There are many ways to create workloads that represent your real work. Some are more difficult for you to create, while some are much harder for the storage vendors to run, and of course some are halfway in between (I know, sounds a bit like Goldilocks and the Three Bears). Whatever you chose, you need to completely understand the tradeoffs and ensure that your organization understands the advantages and disadvantages of the decisions to be made.

Characterization

Going into the development of a benchmark, you have some hard choices to make. The first is whether the benchmark will utilize your real applications and real data, or will an emulation of the workload(s) need to be developed.

Each of these two paths has pros and cons for both you and the vendor. You might wonder why I seem to be so concerned for the vendors. Besides once being a vendor and a benchmarker, I have come to realize that there is no free lunch when doing benchmarks. In other words, if you develop an expensive benchmark, quite often the cost of the benchmark will more than likely be rolled into the bid price of the hardware depending on the size of your procurement and how much the vendor(s) want your business.
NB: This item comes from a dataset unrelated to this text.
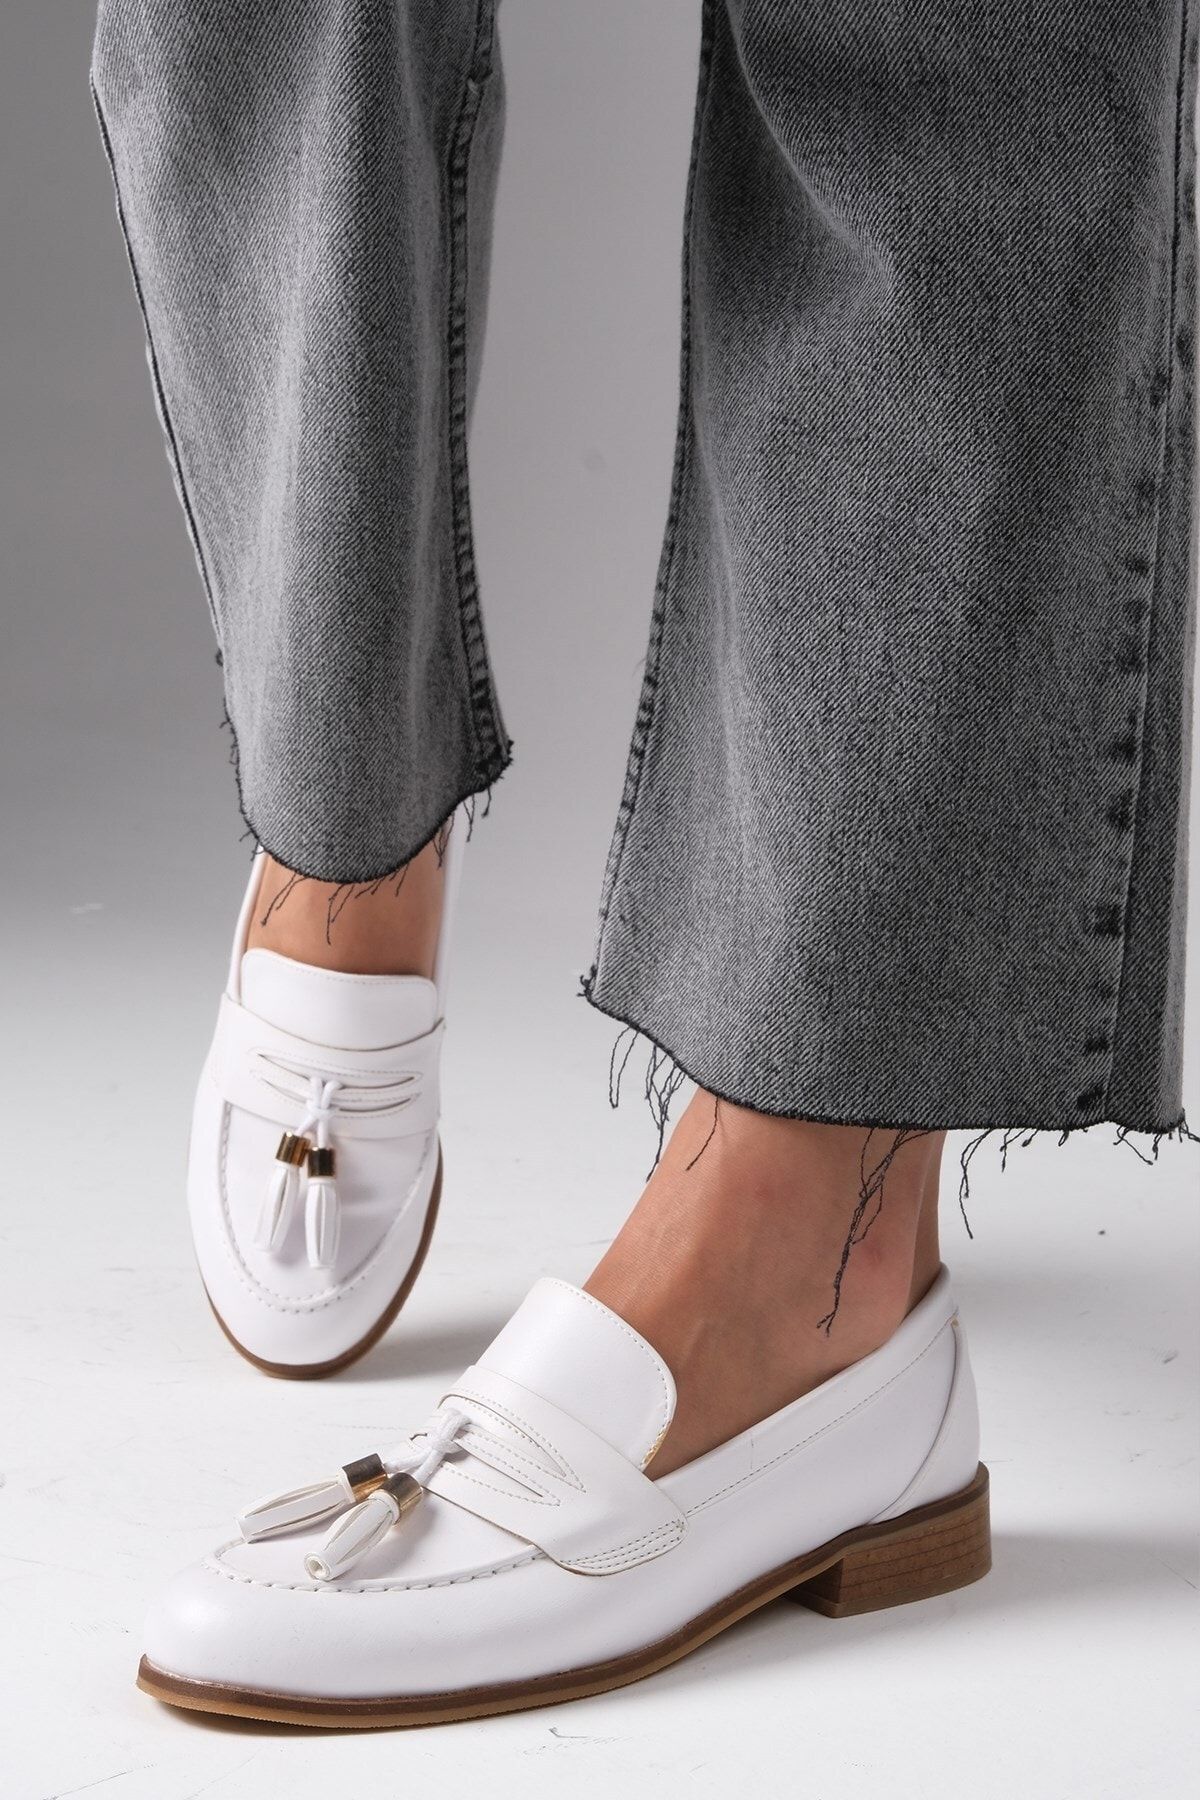 Mio Gusto Dylan Beyaz Renk Kadın Oxford Düz Ayakkabı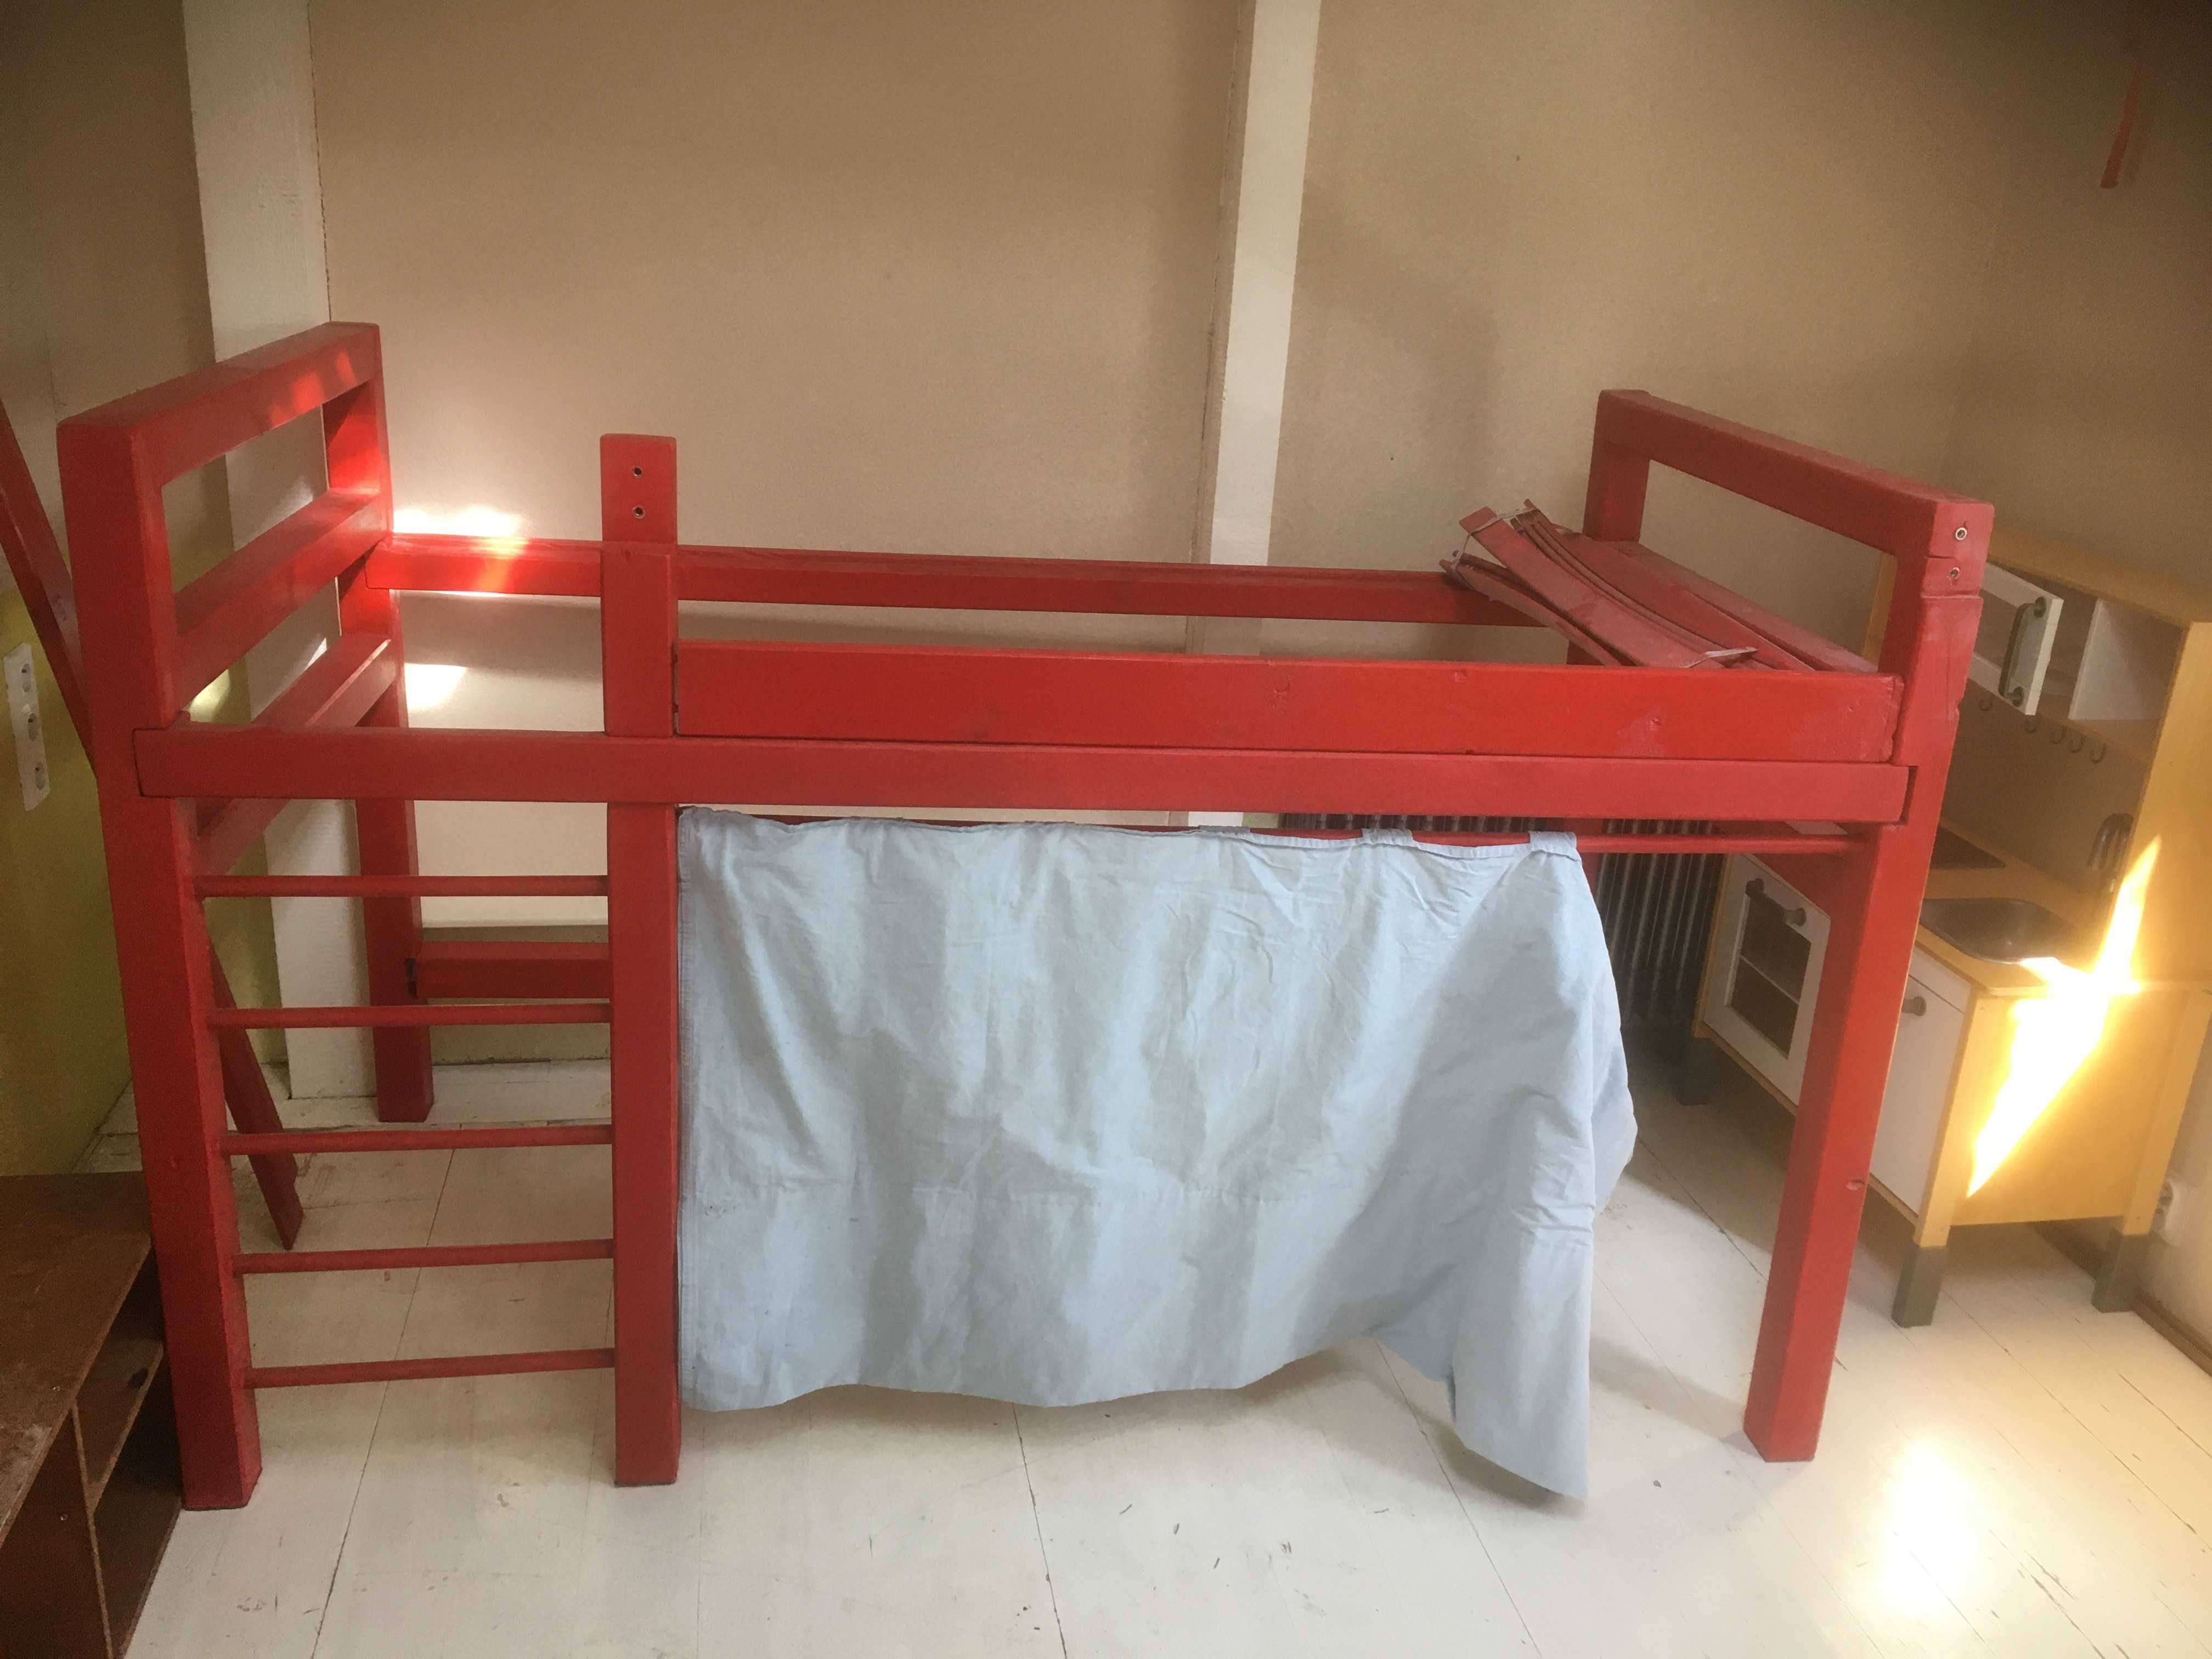 Własnoręczne dużo łóżko piętrowe - 200x90 - unikat, łatwy transport

Here’s how I see the tradeoffs:

Characterization	Advantage	Disadvantage
Use actual applications code	This is the best measure of your real work if you structure the benchmark correctly. For database benchmarks, using the actual data may have security issues for your company, but using actual data will result in the most realistic benchmark	These types of benchmark generally have more setup time and are more difficult to run for the vendors, as a great deal of application tuning, file system tuning, system tuning, and RAID tuning may be required, all of which can affect final pricing
Develop a set of representative storage benchmarks	Far easier to run and to scale to larger workloads. Running this type of workload is also far easier for the storage vendors	Sometimes difficult to develop characterization of the workload given system tunables, file systems, volume managers, and the actual storage hardware

Page 2: Using Your Workload

Using Your Workload

If you are going to use your actual workload in a benchmark, the first step is end-to-end hardware and software characterization. You need to document and understand:

What applications are being run
The number, location, and sizes of the data sets being used
The server(s) hardware configuration, including CPUs, memory, NICs, and HBAs
The server(s) software configuration
Application requirements, such as redo logs for databases
File system and volume manager settings
HBA tunables
Storage configuration, including LUN sizes, RAID type, and RAID cache sizes and settings

All of this may seem obvious, but if you’re going to give a storage vendor your benchmark, the more documentation that you provide them with the more likely the results will meet your requirements and the fewer questions you will have to answer. And if you’ve gone so far as to document the above, then creating the operational procedures for things such as remote mirroring, tape backup, and other operational requirements will not be difficult.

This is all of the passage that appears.